Data is double-encoded

mjpieters opened this issue 6 years ago · comments

The data is double-encoded to UTF8. For example, line 5 of the first file contains, in part (non-ASCII bytes represented by \xhh escape sequences to help readability):

#StandForOurAnthem\xc3\xb0\xc2\x9f\xc2\x87\xc2\xba\xc3\xb0\xc2\x9f\xc2\x87\xc2\xb8

Those bytes are each UTF-8 sequences for UTF-8 bytes, decoding those bytes gives us:

#StandForOurAnthem\xf0\x9f\x87\xba\xf0\x9f\x87\xb8

which in turn can be decoded as UTF-8 to the text #StandForOurAnthem🇺🇸.

This double-encoding makes the files needlessly bigger and harder to work with.

Martijn Pieters · Answer 1 · Wed Aug 01 2018 03:51:32 GMT+0800 (China Standard Time)
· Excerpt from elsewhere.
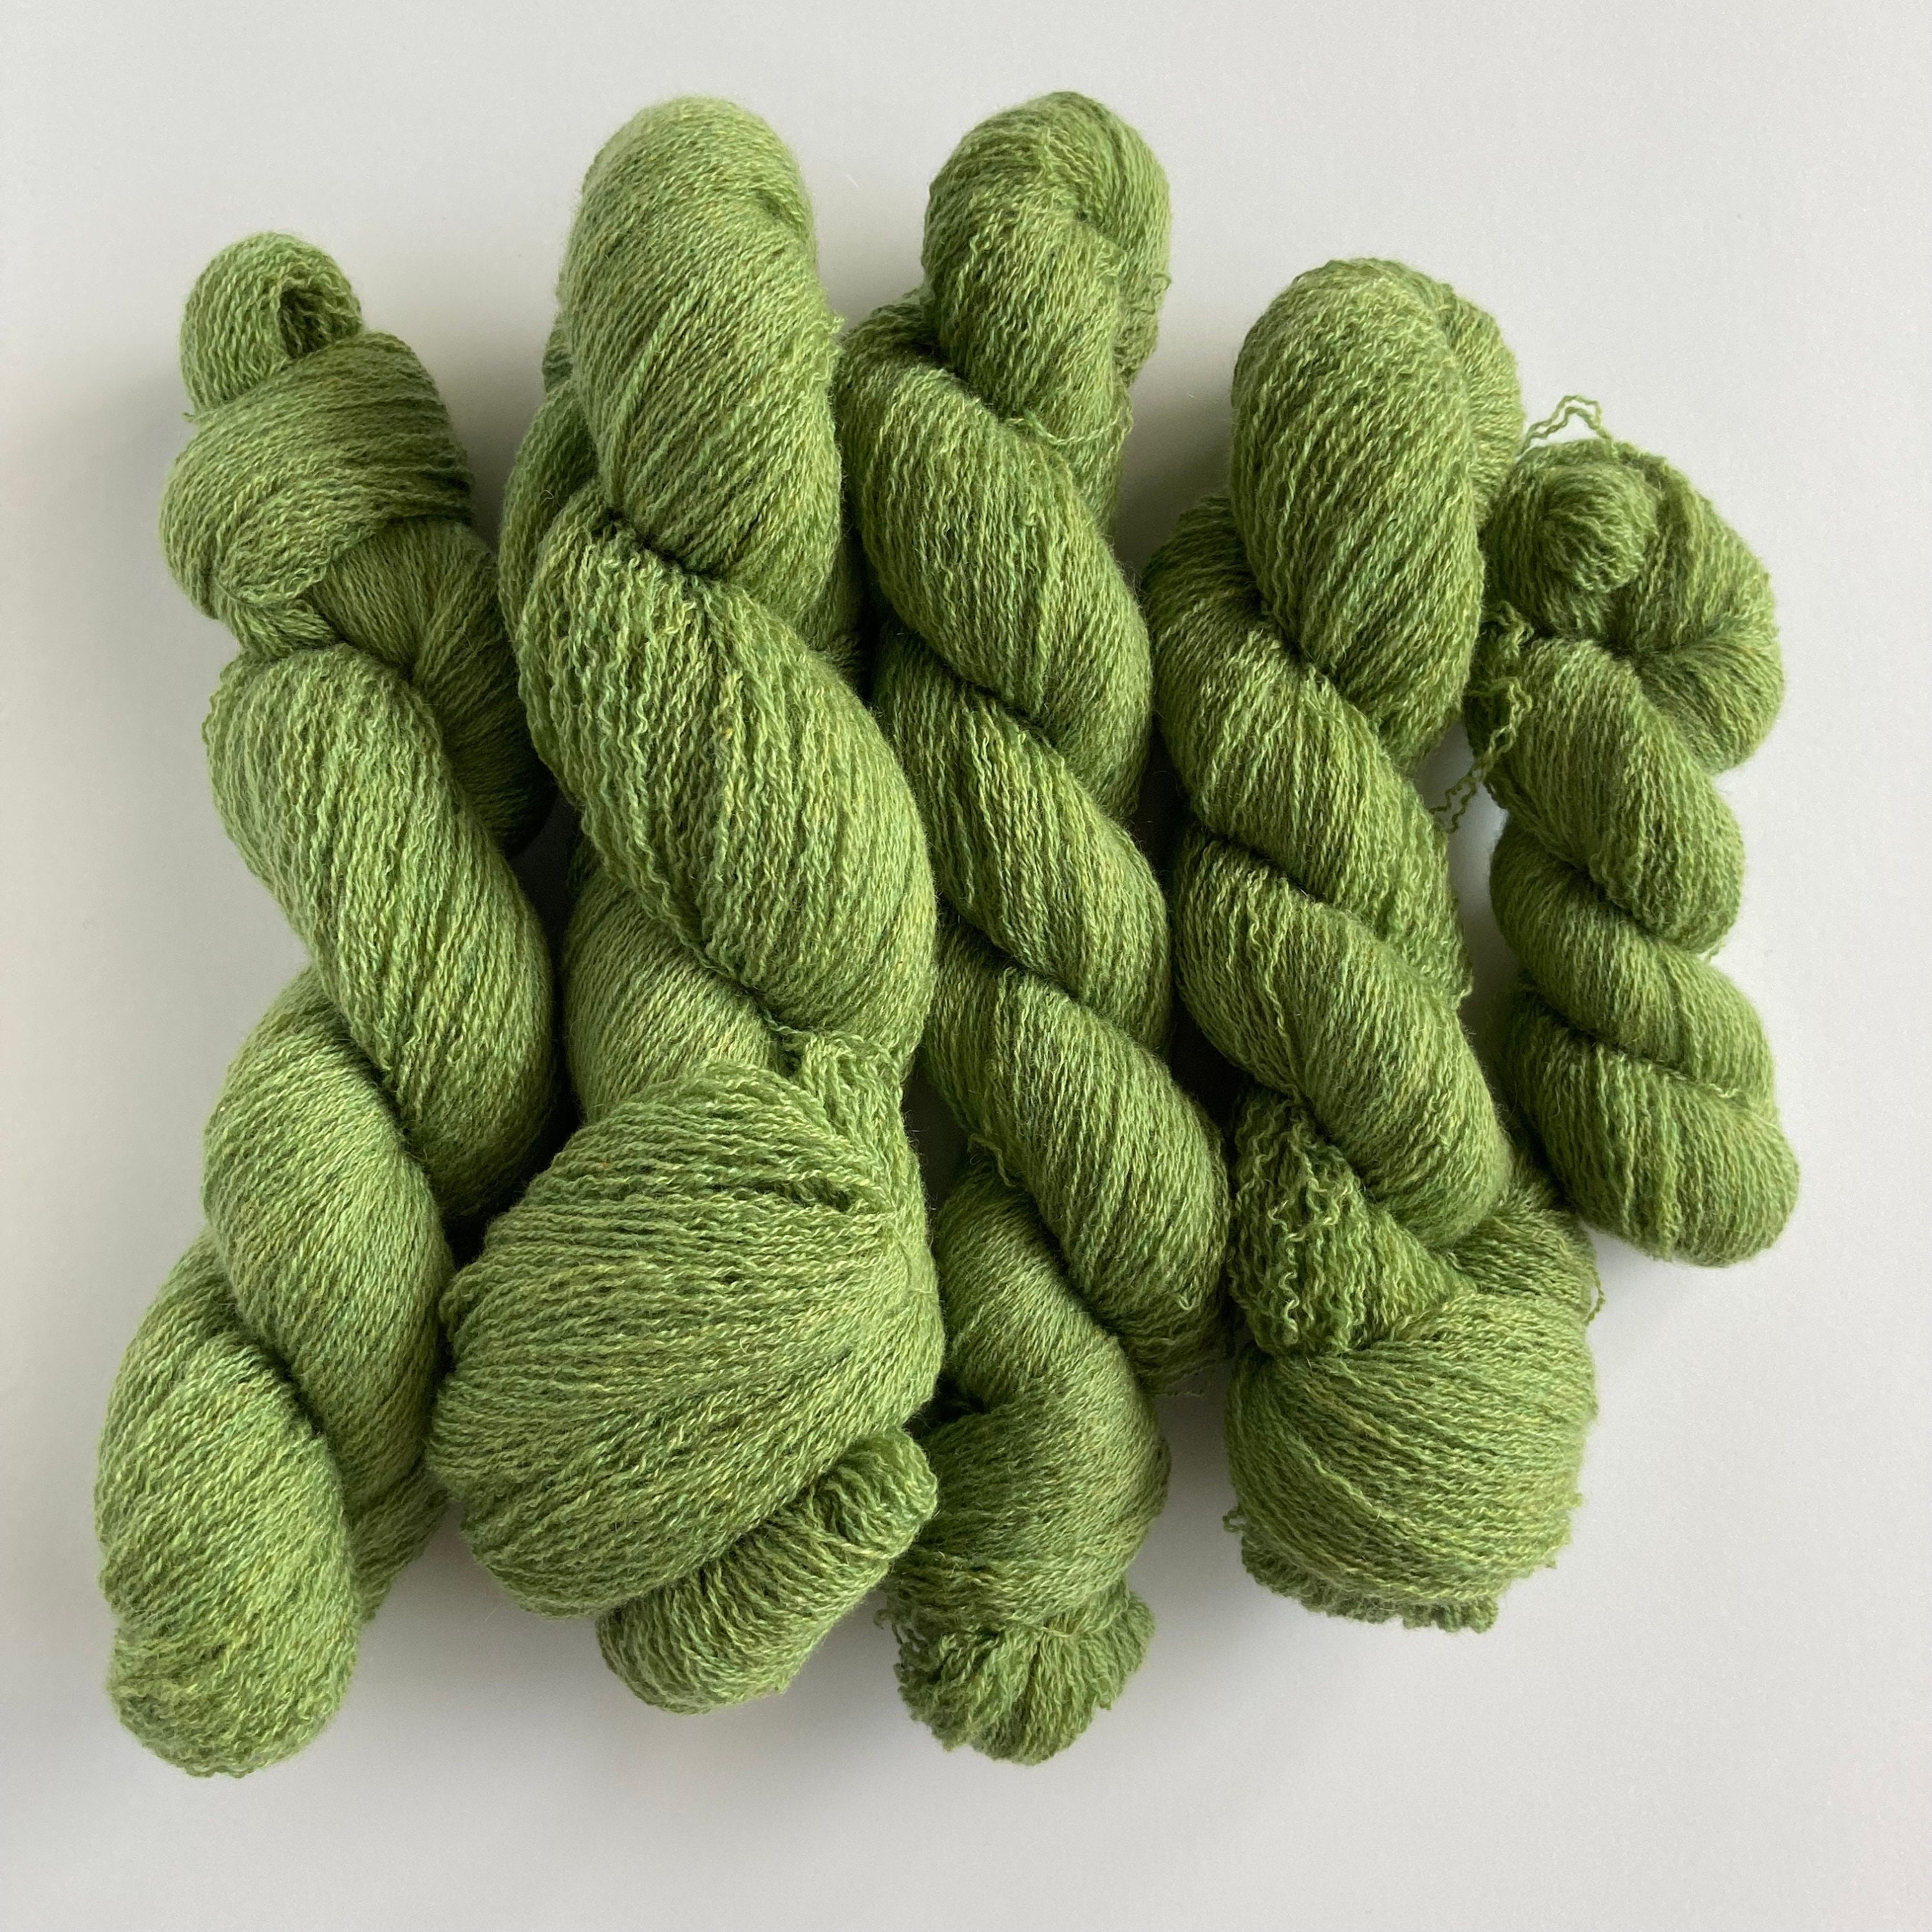 Green Viscose Yarn Rayon Thread Vegan Silk Yarn Lace Weight

Workaround is to use iconv:

for file in IRAhandle_tweets_*.csv; do
  echo -n "Converting $file... "
  iconv -f utf8 -t latin1 $file > $file.corrected &&
  mv -f $file.corrected $file
  echo "Done"
done

This decodes once then writes out the result as Latin-1 (mapping Unicode codepoints to bytes one-on-one). This gives us single-encoded UTF-8 data again.

This shaves of 10% of the total bytecount, dropping from 731MB to 656MB.

Dhrumil Mehta · Answer 2 · Wed Aug 01 2018 06:14:09 GMT+0800 (China Standard Time)

Thank you for your suggestion @mjpieters. We have updated the data to remove the double encoding using the script you suggested.

Evan Carroll · Answer 3 · Mon Aug 27 2018 15:07:36 GMT+0800 (China Standard Time)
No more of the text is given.